Fé, tradição e ancestralidade: Iemanjá é reverenciada com presentes e agradecimentos nos 100 anos da festa em Salvador
O cheiro do mar se confunde com o da alfazema, na praia do Rio Vermelho, em Salvador. É 2 de fevereiro, dia de Iemanjá. Após dois anos de festa suspensa por causa da pandemia, os bons filhos à casa tornaram.
Yemoja, Janaína, Mãe d’Água, Dandalunda, Rainha do Mar. São muitos os nomes para celebrar a mãe de todos os orixás: os paridos, como Oxóssi, e os acolhidos, como Xangô. A festa de celebração a quem traz fartura, prosperidade e serenidade chega aos 100 anos. Tradição que chegou com os escravos vindos na Nigéria. Na década de 70 do século passado, passou a ser chamada oficialmente de Festa de iemanjá.
Para saudar a protagonista, a alvorada dos pescadores ainda na madruga anunciou o início dos festejos. O ritual de todos os anos — mesmo quando em suspensão do festejo popular por causa pandemia — segue a tradição de agradecimento pela fartura que vem da água salgada.

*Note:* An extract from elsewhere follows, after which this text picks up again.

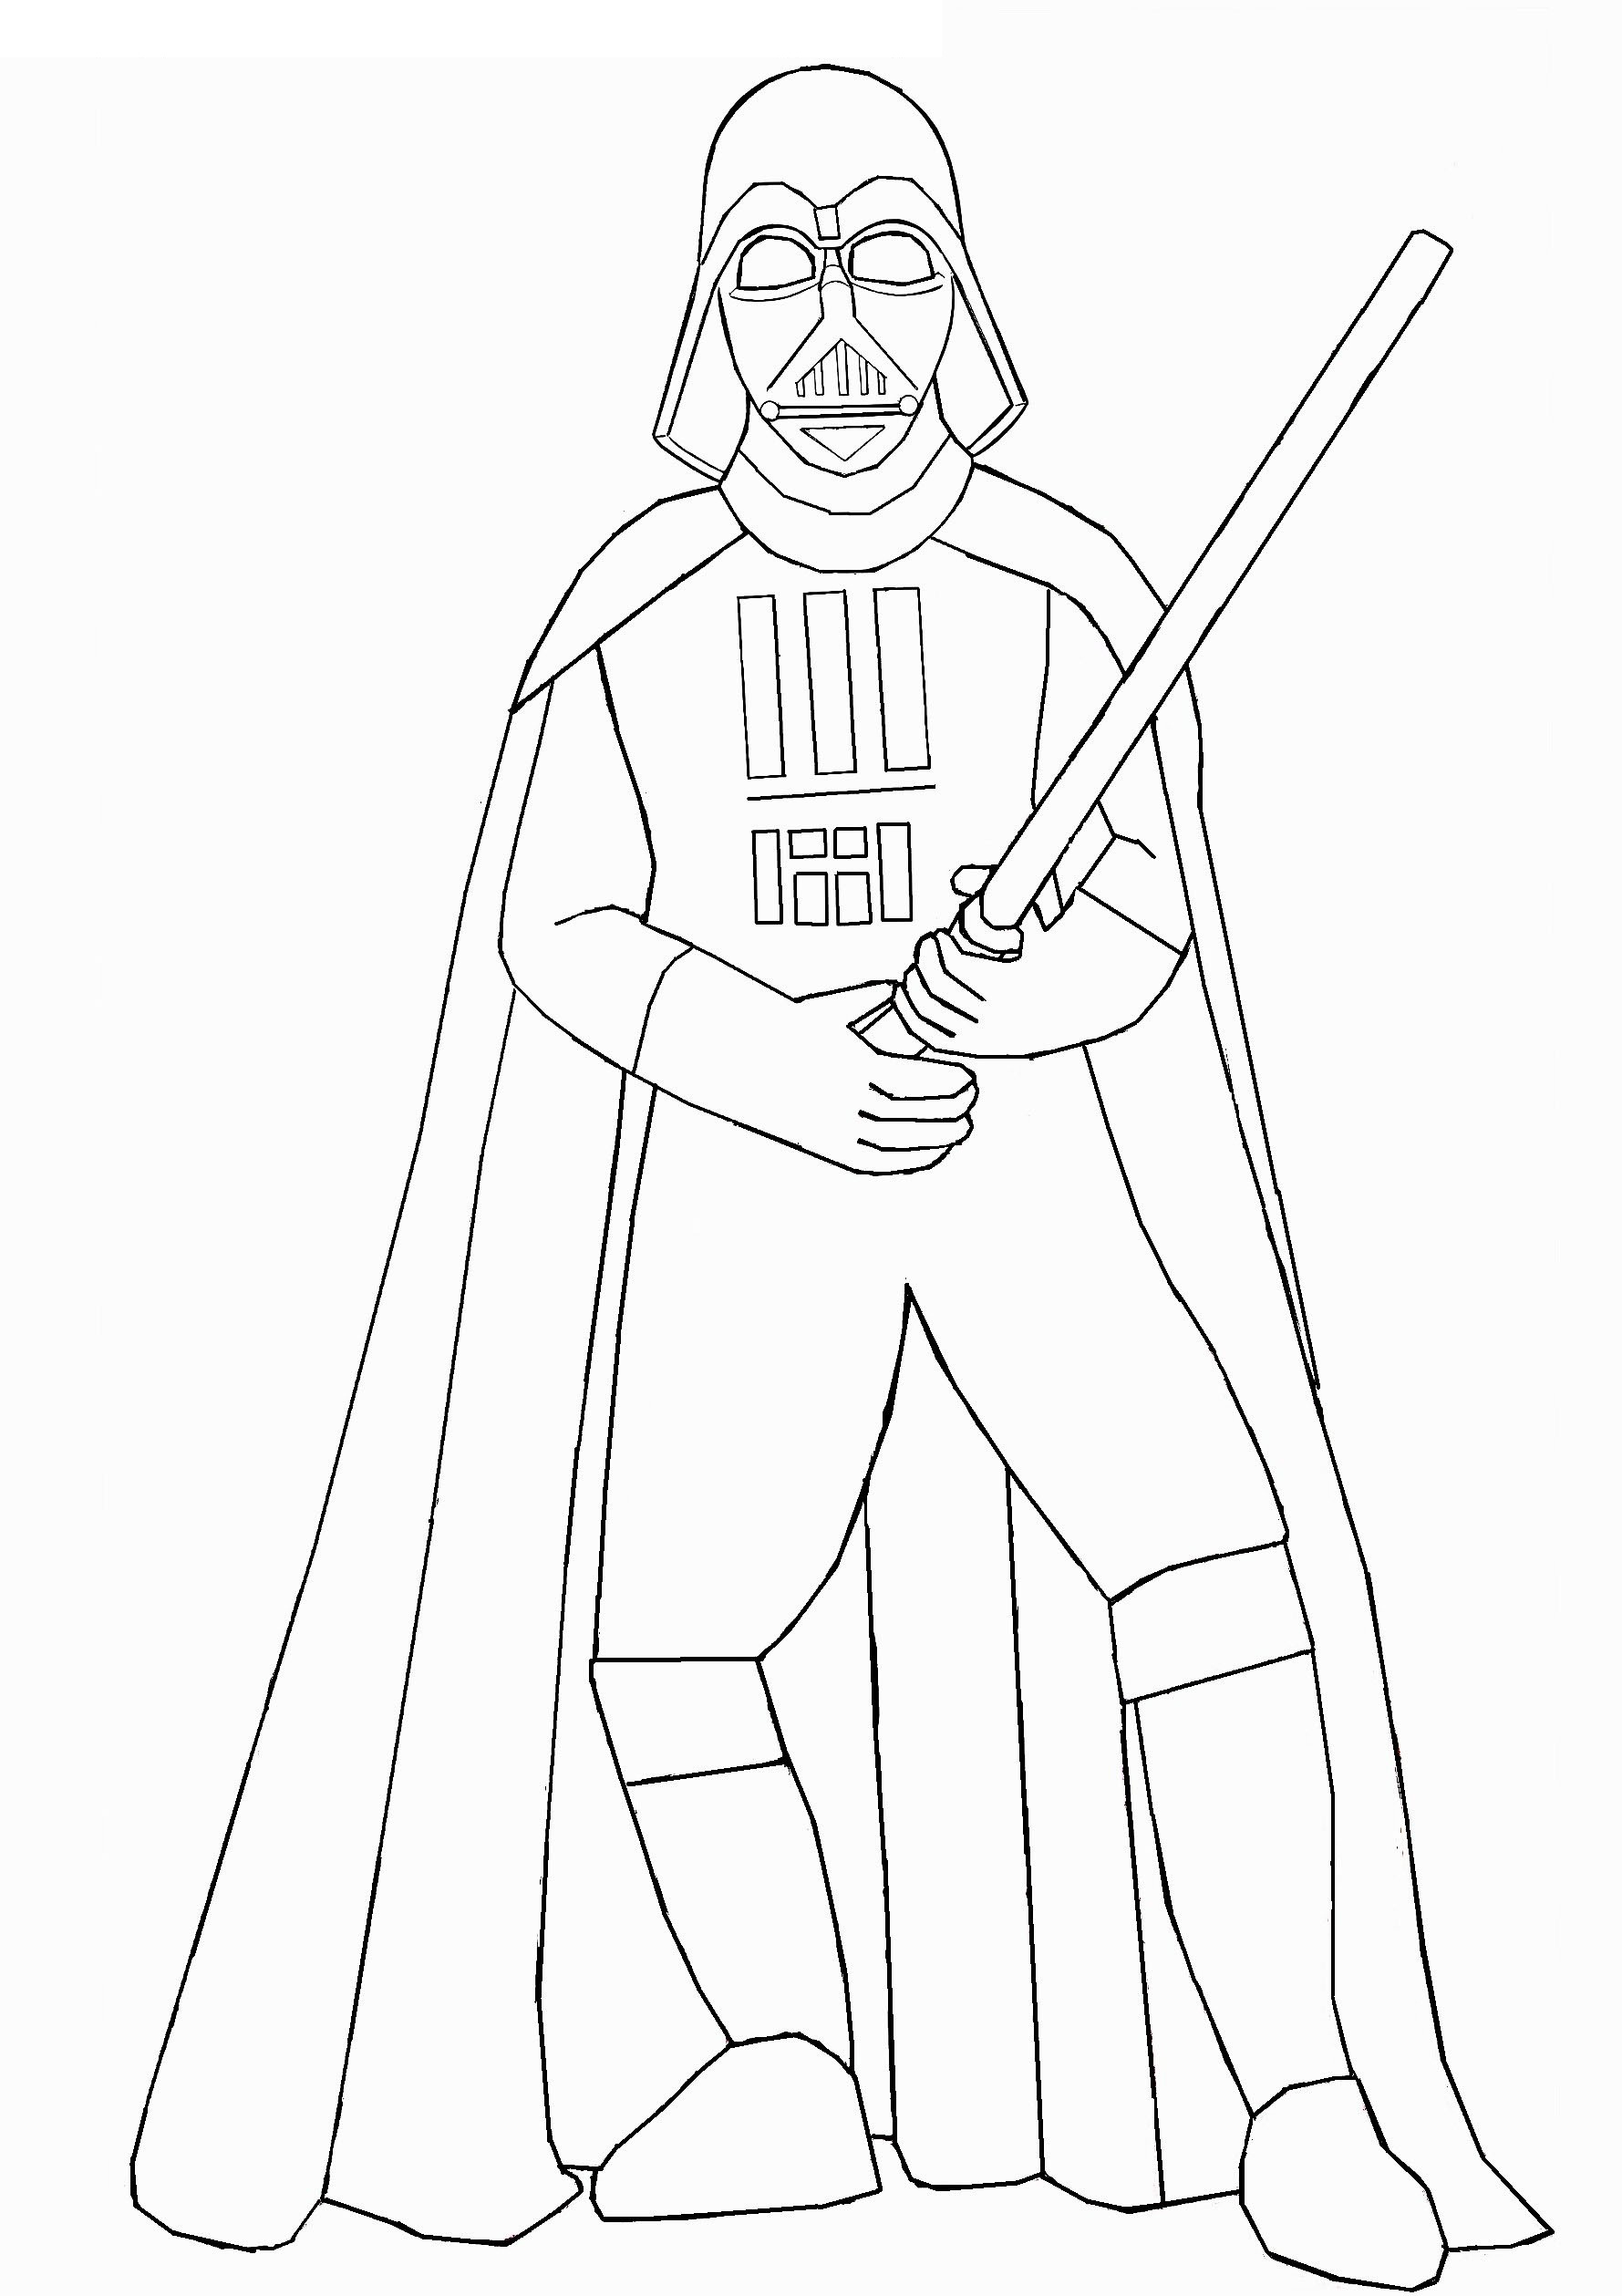 Download Darth Vader Holding Lightsaber Coloring Page - Free Printable Coloring Pages for Kids
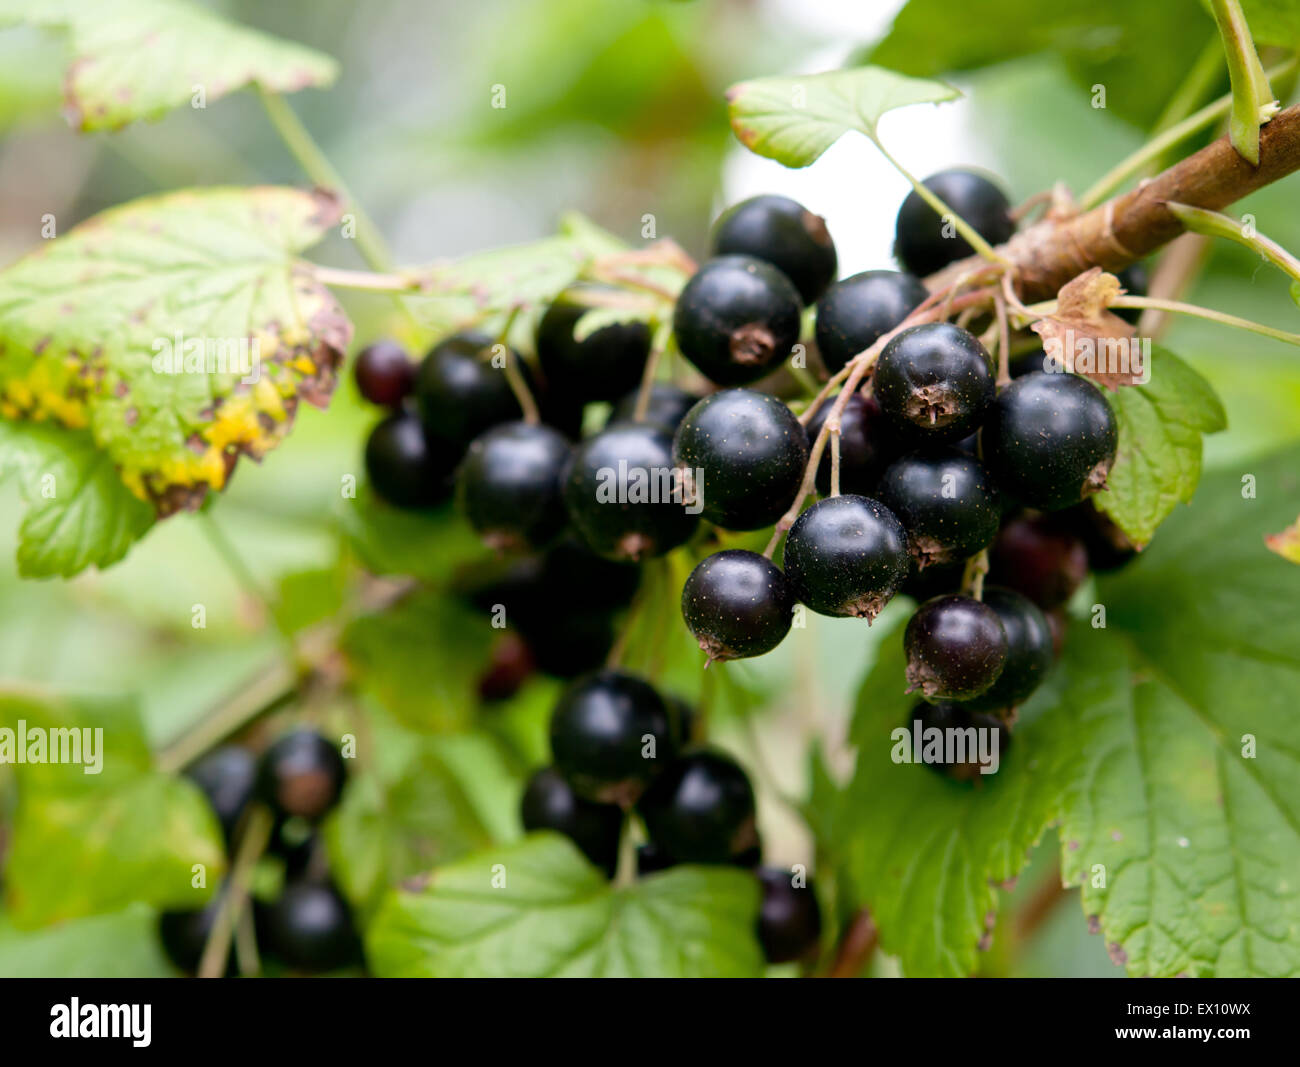 bunch of currants with a little garden Stock Photo

Aí então estão abertas “as portas do mar”, para quem vai oferecer presentes a Iemanjá. Pelas práticas das matrizes africanas, se ele afundar é porque foi aceito por ela. Caso contrário, quer dizer que a dona do mar rejeitou a oferenda.
A tradição do pedido de bênçãos vem junto com outra velha conhecida: a fila dos devotos para depositar as ofertas na Colônia de Pescadores. É de lá que a maioria dos presentes, entre eles muitas flores, descem para o mar.
Há também quem prefira levar as oferendas por conta própria, para fazer sua reza para o orixá com mais intimidade. Aí então se segue outro conhecido ritual de renovação da fé: descer a escadaria, pisar na areia e chegar à beira da água. Os pescadores, como sempre, esperaram os devotos na praia para levá-los mar adentro.
As várias rodas de samba na areia da praia são o toque final da festa de Iemanjá é marcada principalmente pelas tradições coletivas. E foi para saber dos desejos e agradecimentos das pessoas, que colocamos o pé na areia e perguntamos aos devotos: o que te trouxe à festa da Rainha do Mar?
Bernardo Teles, 48 anos — baiano, pescador há 23:
“A gente desce para agradecer a Iemanjá, porque a gente vai para o mar, pega o nosso peixe, que é o nosso sustento de cada dia, pelas bênçãos dela. Aí só temos a agradecer mesmo. Essa é uma festa muito bonita, e a cada ano que passa está sendo melhor ainda. Nos últimos dois anos foi muito triste, por causa da pandemia, mas agora que voltou eu espero que agora em diante não tenha mais negócio de pandemia, e que tenha a festa todo ano”.
Vera Lúcia, 58 anos — baiana, filha de Iemanjá:
“É uma tradição familiar. A gente sempre vem, todos os anos. Iemanjá é a dona da minha cabeça, Iemanjá é luz, prosperidade, paz, harmonia e o que a gente vem buscar aqui é justamente isso. É a paz, harmonia, é a prosperidade, é o crescimento pessoal, como pessoa mesmo, como ser humano, para gente ser melhor para o outro a cada dia, para a gente amar mais, para a gente receber essa energia. E essa energia flui. A gente sempre pede coisas boas para a gente é para o outro, para o próximo”.
Bárbara Santos, 59 anos — baiana que mora na Itália:
“O que me trouxe aqui hoje foi a minha fé e meu sonho. Eu sou baiana, mas há muitos anos eu moro fora do brasil, moro na Itália. Sempre foi meu sonho trazer um balaio como homenagem. Pedir paz para a minha família, para o mundo, para todas as pessoas, porque precisamos muito. De paz, de amor e de luz”.
Neuza Sbardelotto, 63 anos — turista de Santa Catarina:
“O que me trouxe aqui foi um desejo muito grande de conhecer a festa, eu tinha bastante curiosidade em participar e está bem linda mais do que eu esperava. Fiz agradecimentos, peguei um barco e joguei flores no mar para pedir prosperidade, saúde, que é nosso maior agradecimento”.